For developers with less experience in performance optimization, there may be few opportunities to learn or summarize these mature routines, methodologies, or frameworks. So as a developer who has been doing performance optimization for many years, I will summarize some of the methodologies in this article for everyone's reference.

The Essence of Performance Optimization

First, let me introduce the essence of performance optimization. My understanding of its essence is: The essence of performance optimization is the reasonable and sufficient use of hardware resources to make the program perform better.
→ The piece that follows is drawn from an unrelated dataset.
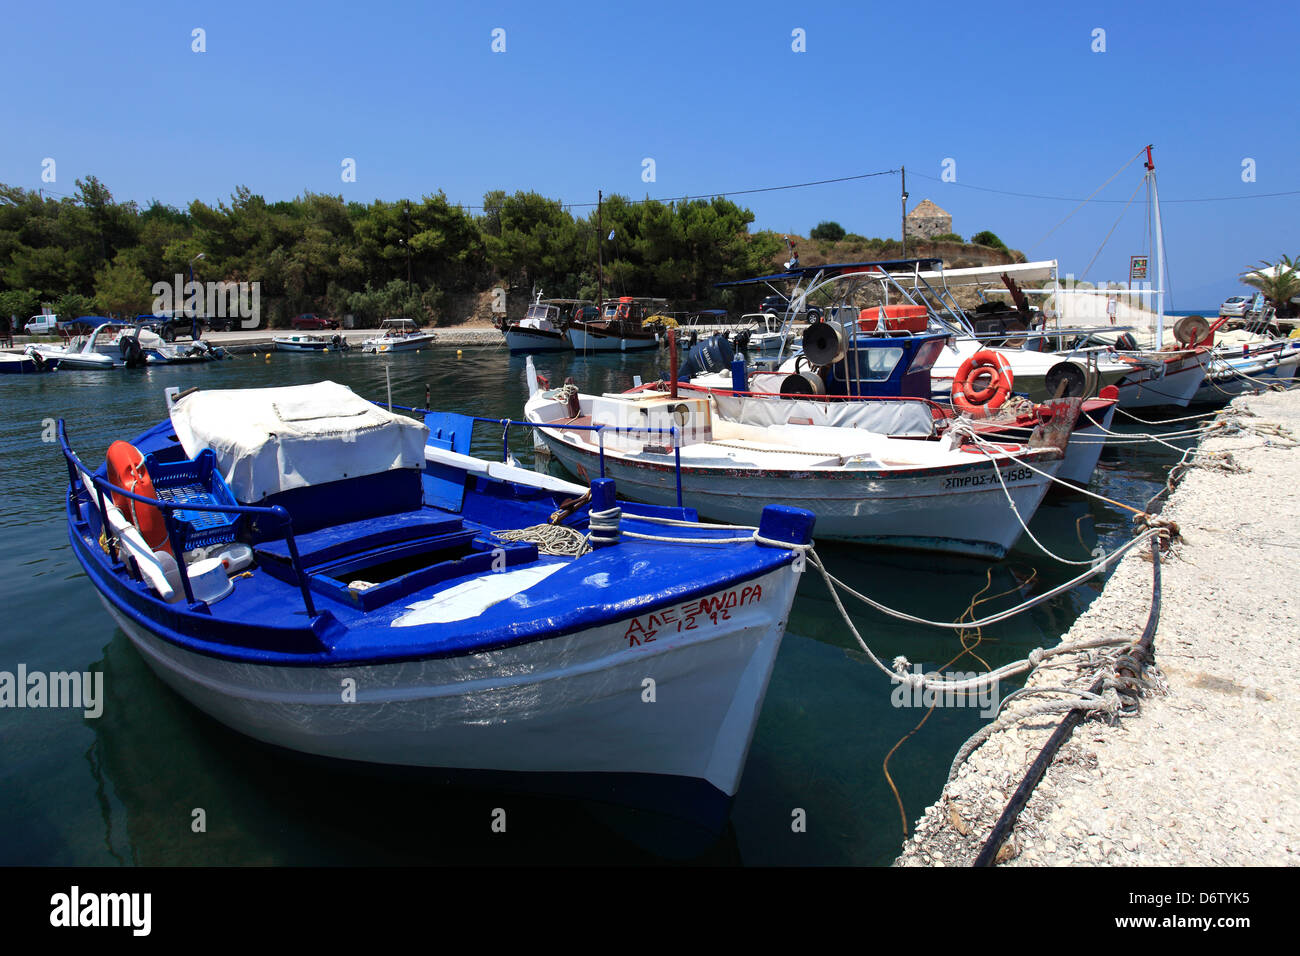 View over tourist and fishing boats in the harbour at Tsilivi resort, Zakynthos Island, Zante, Greece, Europe. Stock Photo

And the purpose of the program performing better is to gain more retention, usage time, reputation, profit and other returns from customers.

So based on the essence, the two most important things about performance optimization are:

Reasonable and sufficient use of hardware resources
Make the program perform better and gain returns

Let's talk about these two things below.

Reasonable and Sufficient Use of Hardware Resources

Sufficient means making full use of the resources of the hardware, but sufficient is not necessarily reasonable. For example, we suddenly opened hundreds of threads at once, the CPU was fully utilized, but it was not reasonable. So reasonable means that the hardware resources exploited can have a positive effect on the performance of the program.
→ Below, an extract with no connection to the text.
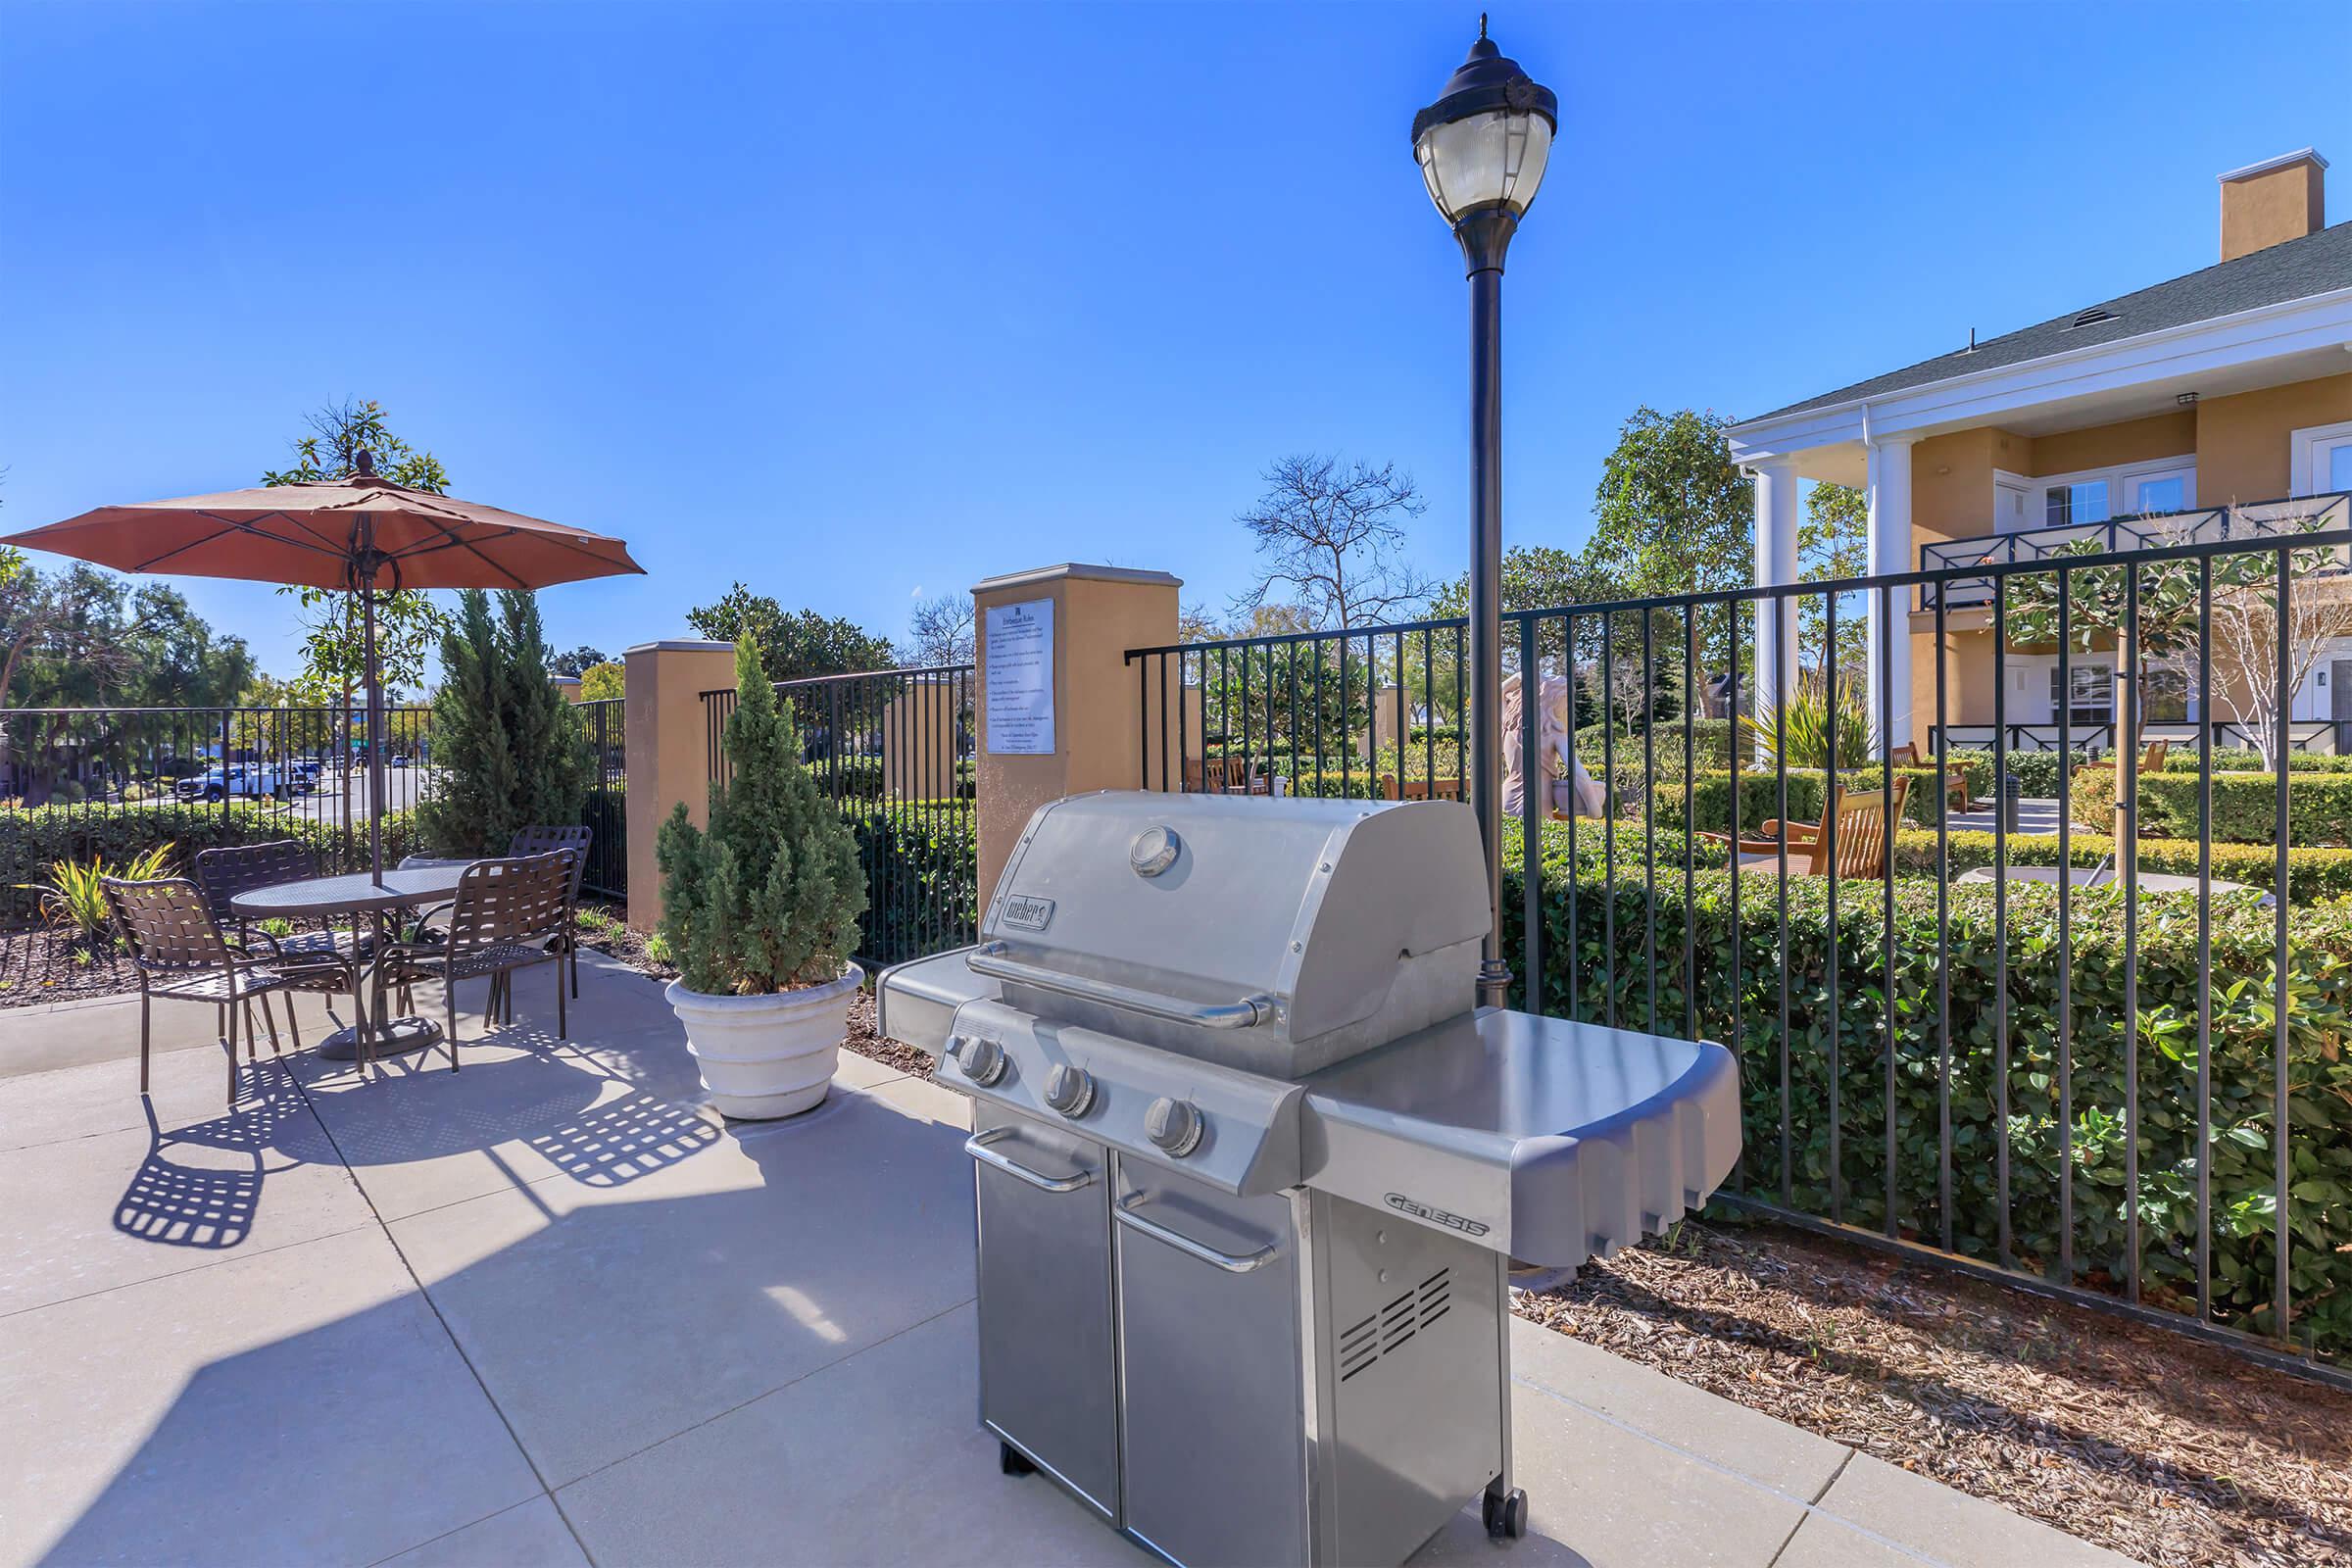 Stainless steel barbecue with a table and chairs

Hardware resources include: CPU, memory, disk, battery, traffic (not a hardware resource, but also one of the resources that need to be used reasonably) and so on.
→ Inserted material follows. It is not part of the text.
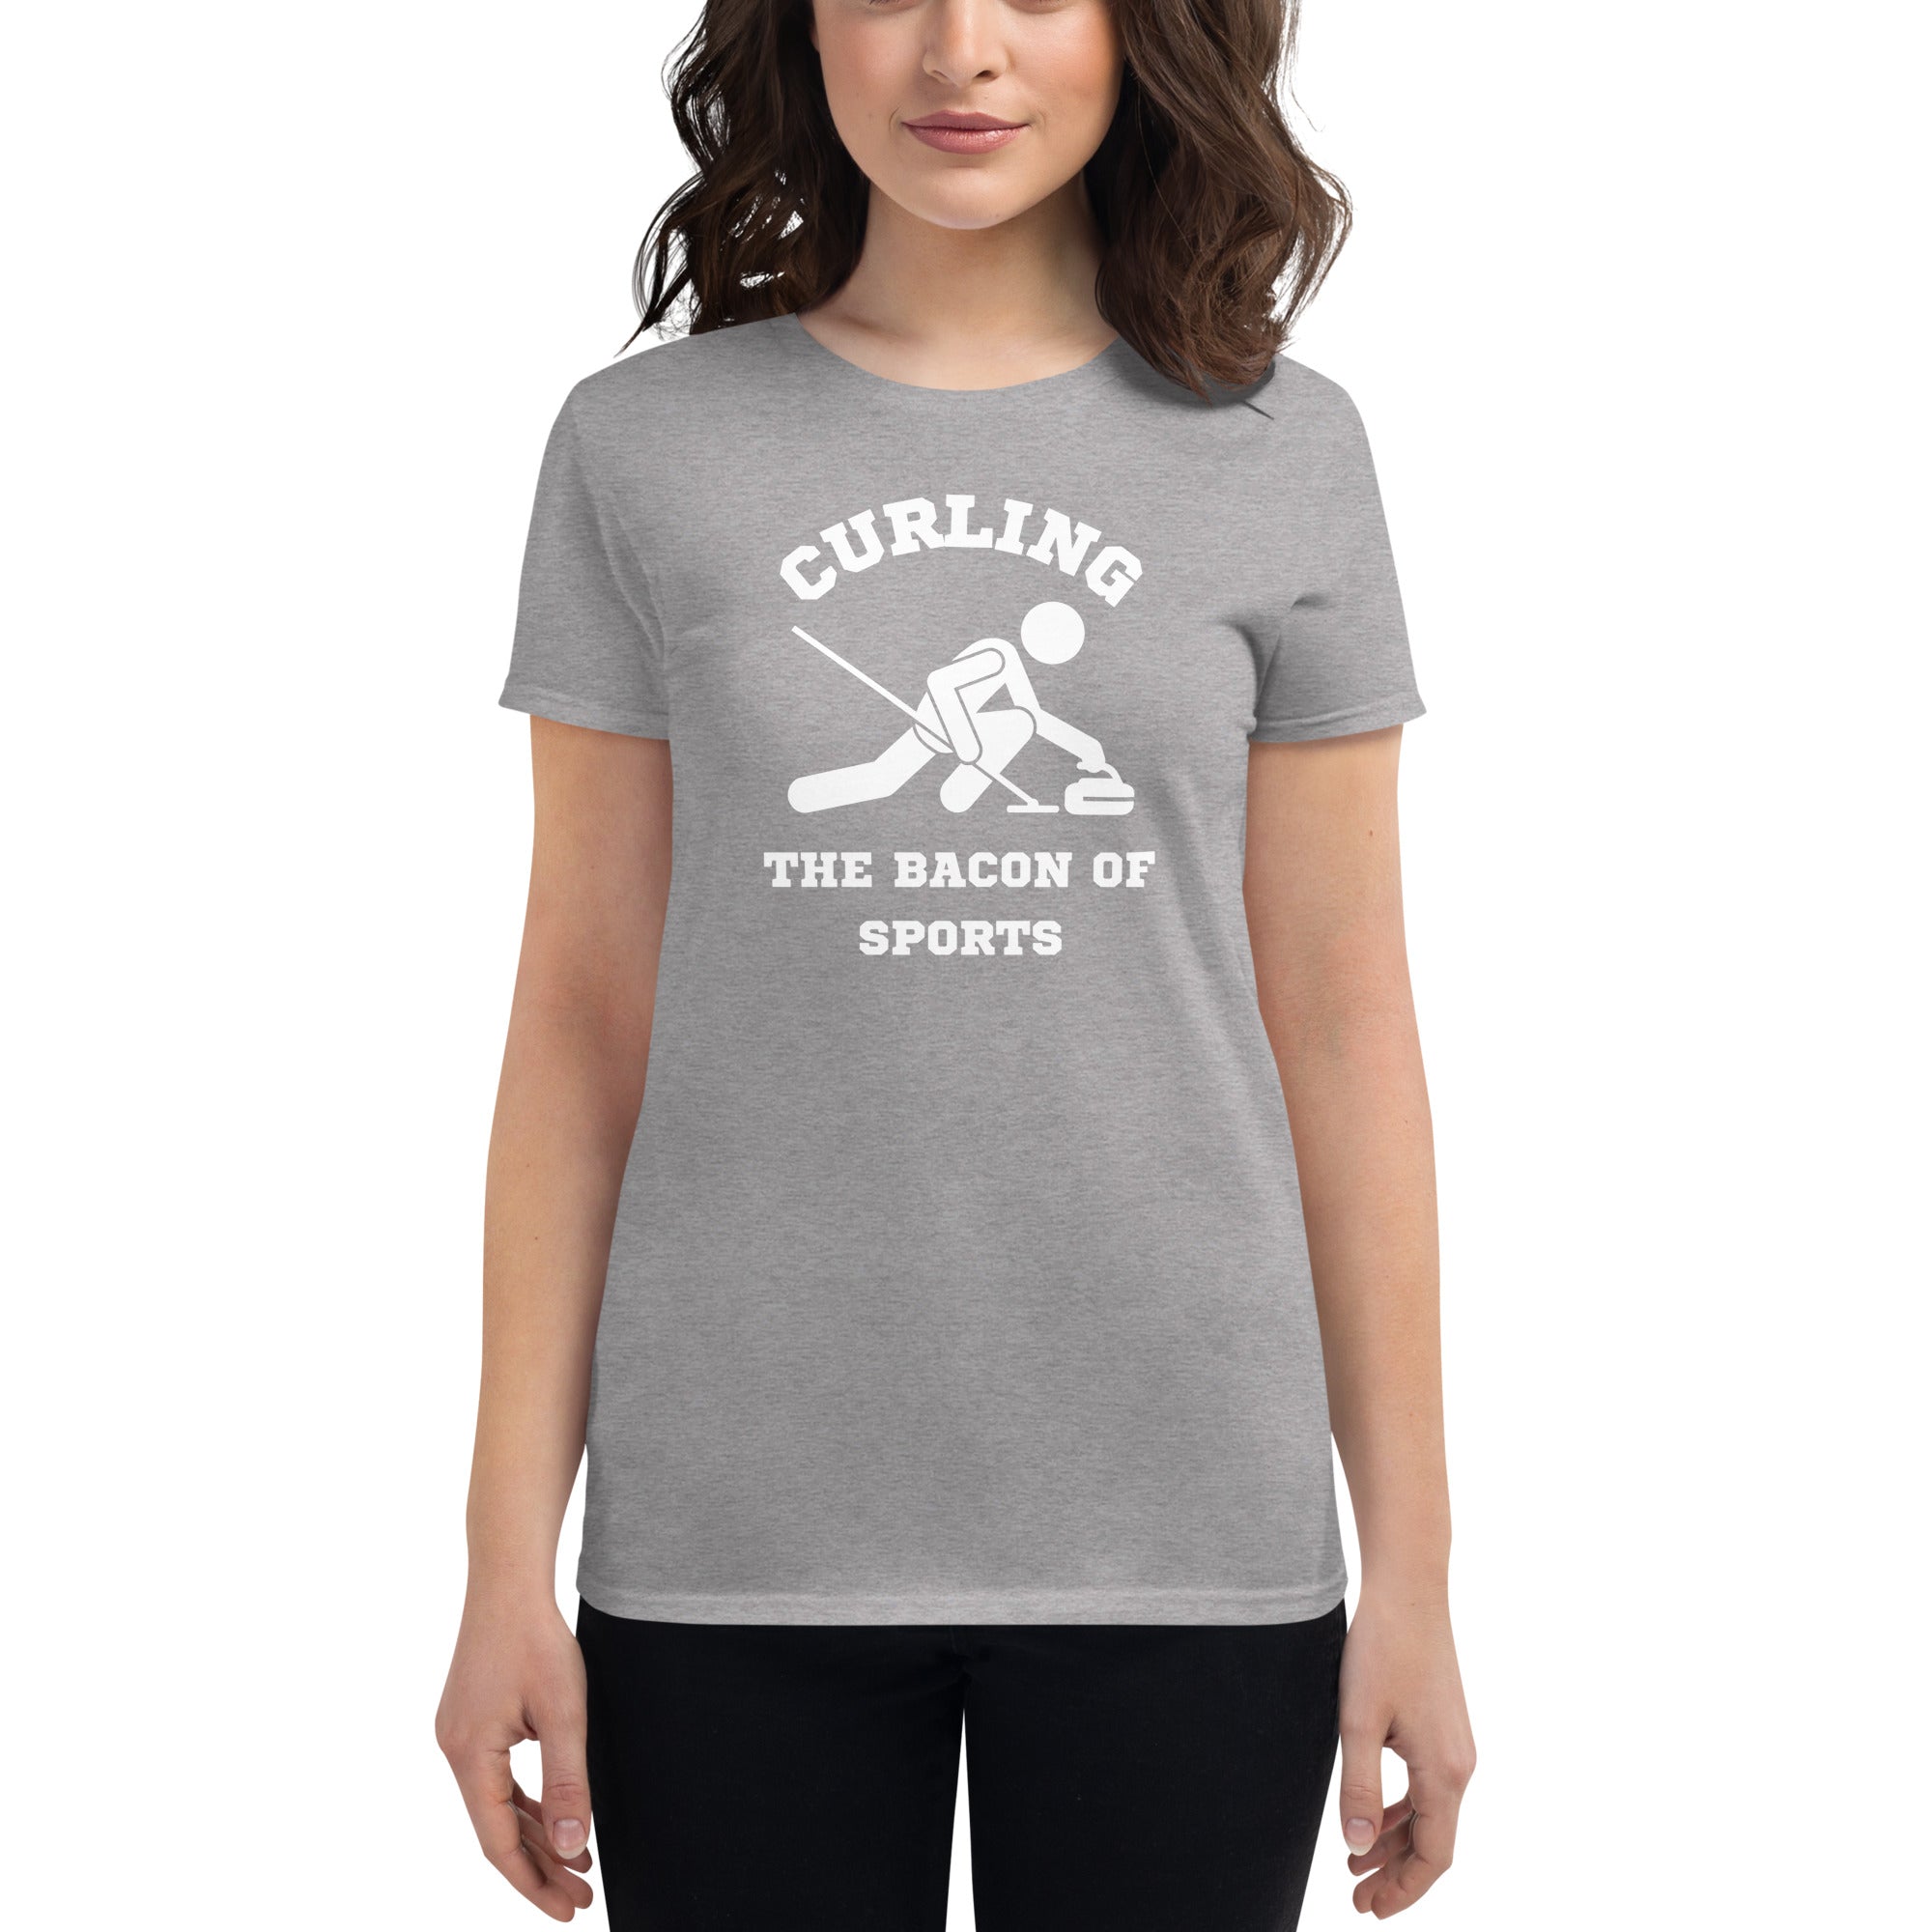 Curling The Bacon Of Sports Women's Fitted T-Shirt

Here are some examples of reasonable and sufficient use of hardware resources:

The CPU usage is high, but not in an overloaded state, and the CPU resources are mainly used by the current scenario, rather than being scattered and consumed by various businesses in the application. For example, when we optimize page loading speed, the speed is closely related to the CPU. So first we need to ensure that the CPU is fully utilized. We can use multi-threading, preload related resources before page loading, etc. to maximize the phone's CPU. However, when loading the page, we need to reasonably ensure that the CPU resources are mainly used by page-related logic, such as component creation, data acquisition, page rendering, etc. As for other logic that is less related to the current page opening scene, such as periodic tasks, monitoring, or some preloading, etc., they can be closed or delayed to reduce consumption of the CPU by unrelated tasks.
Memory resources are used sufficiently but also reasonably to keep exceptions like OOM under control. For example, when we do memory optimization, less memory does not mean better. On the contrary, more memory occupied may make the program faster. But memory usage should not be too high either. So we can control the memory usage to be sufficient and reasonable based on the OOM rate of different tier devices. On low-end devices, we can reduce memory usage through feature degradation and other optimizations. On high-end devices, we can appropriately increase memory usage to make the program perform better.
......

Make the Program Perform Better and Gain Returns

We have many direct metrics to measure the returns gained from performance optimization, such as pss, Java memory usage, native memory usage for memory optimization; launch speed, page opening speed for speed optimization; frame rate for lag optimization, and so on. Mastering these metrics is important. We need to know how to correctly and low-overhead monitor these metrics.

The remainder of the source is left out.